Texas Education Agency Claims It Never Set a Cap on Special Education

Our daily roundup of Texas headlines.

By Becky FogelNovember 3, 2016 11:31 am

The Standard’s news roundup gives you a quick hit of interesting, sometimes irreverent, and breaking news stories from all over the state.

The Texas Education Agency told the U.S. Department of Education in a letter that it never made school districts put limits on special education services. TEA Spokesperson Lauren Callahan says it was for clarification: 

“A reminder to them that we never set a cap on the number of students, percentage of students that can or should be serving in special education,” Callahan says. 

The federal government asked the TEA to weigh in after the Houston Chronicle reported that it imposed an 8.5 percent enrollment benchmark in 2004. The state agency did say it will stop using that enrollment benchmark in its special education monitoring system.




A quick public service announcement for procrastinators out there – tomorrow is the last day of early voting in Texas.

Of course, you can still cast your ballot on Election Day, Tuesday, November 8.




Tonight, Phil Danaher could reach a major milestone – he could become the winningest football coach in Texas High School history. Jeff Beckham, a writer for Texas Monthly, will be there too – hopefully – see it happen. He says the wins the Corpus Christi Calallen coach has racked up can’t just be attributed to his 40-year career.

“But he’s also been super successful during that time,” Beckham says. “His teams have won 10 games in a season which is a pretty big accomplishment for high school, many times, and so this win will be number 427 for him.”

That is if the team beats Flower Bluff High School in the district championship. In the lead-up to tonight’s game, Beckham learned what makes Phil tick – and how he ended up coaching football for decades. The number one reason: he loves his job. 
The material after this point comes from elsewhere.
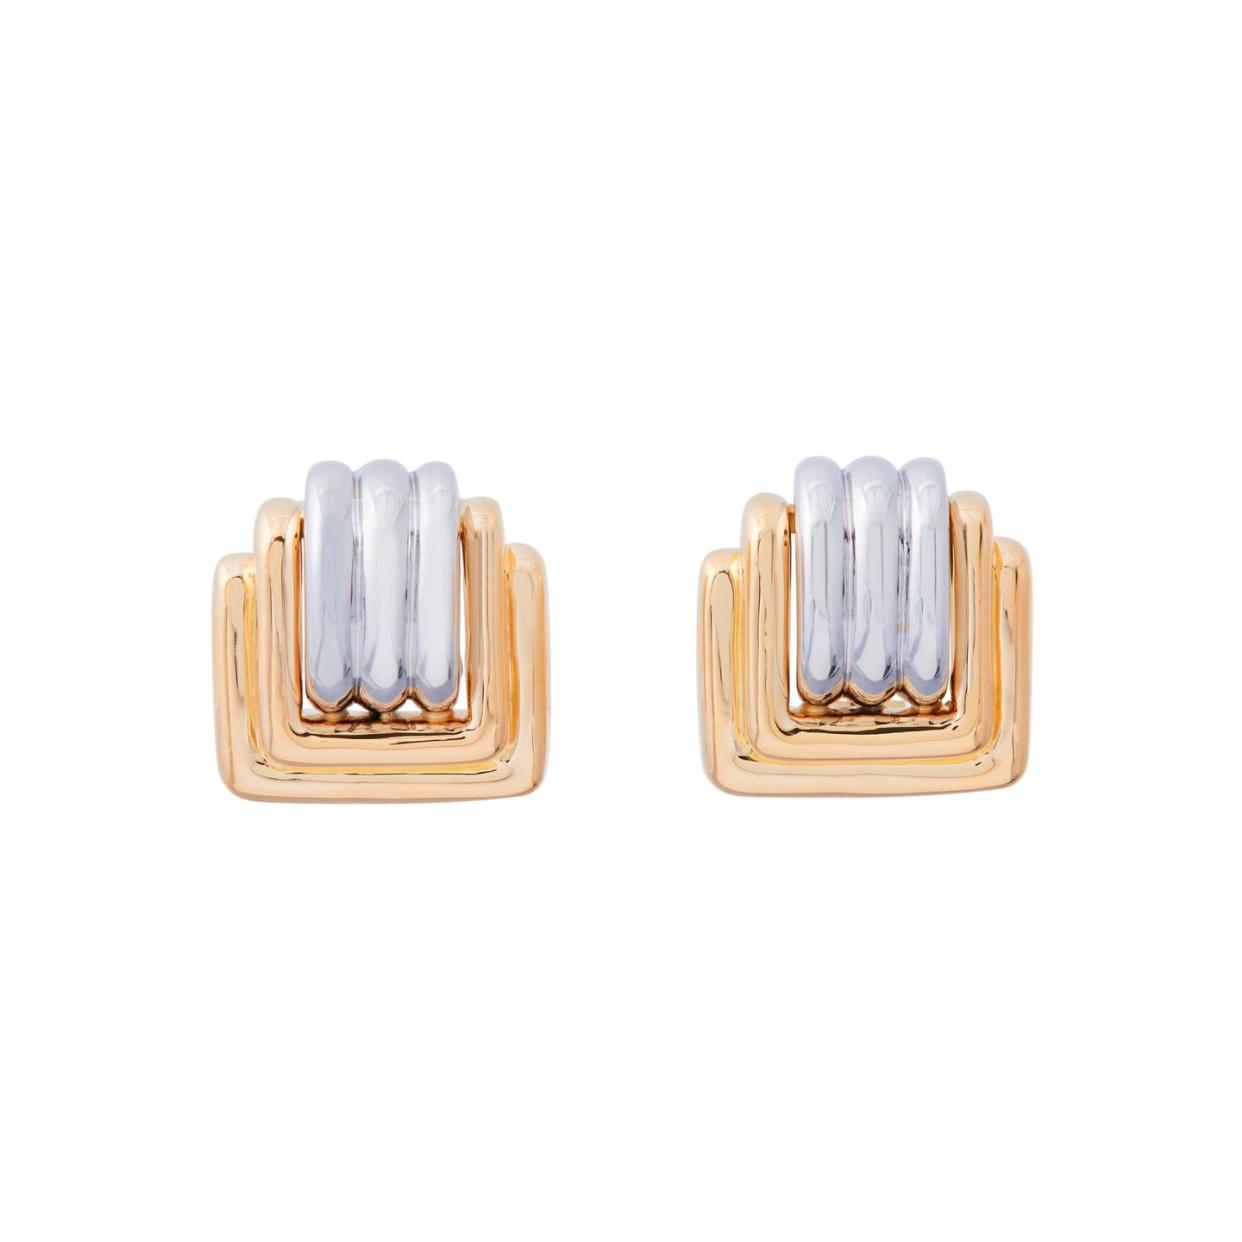 sidney garber square earrings

“The people I talked to, his coaches, his family, it’s the first thing they say – he loves what he does,” Beckham says. “He says he sees it as a calling. He actually grew up in South Texas, in Harlingen, and coaches were really like surrogate fathers for him. He lost his dad when he was just 2 years old. His mom raised four boys on her on, so growing up he looked to coaches as father figures, so it’s really not that surprising that he turned into a coach himself.” 

It also might not surprise you that another key to Phil’s long and successful career is being a competitive person.

“Anything he does he wants to win and he wants to win really badly – so much so that it’s really hard for him to wind down after games,” he says. “When everyone else has gone to bed he’s up til 2:00, 3:00 in the morning on his iPad playing Yahtzee and dice and card games against people all over the world, because that competitive juices for him have always been there, and he’s 67 years old and it doesn’t look like he’s slowing down at all.”

Only two football coaches have more than 400 career wins in the state: Phil, of course, and a man by the name of G.A. Moore. Still, there’s one achievement that has alluded Phil – he’s never won a state championship. 

Beckham says state championship win would be a great cap to Phil’s career, but it’s not what keeps him going.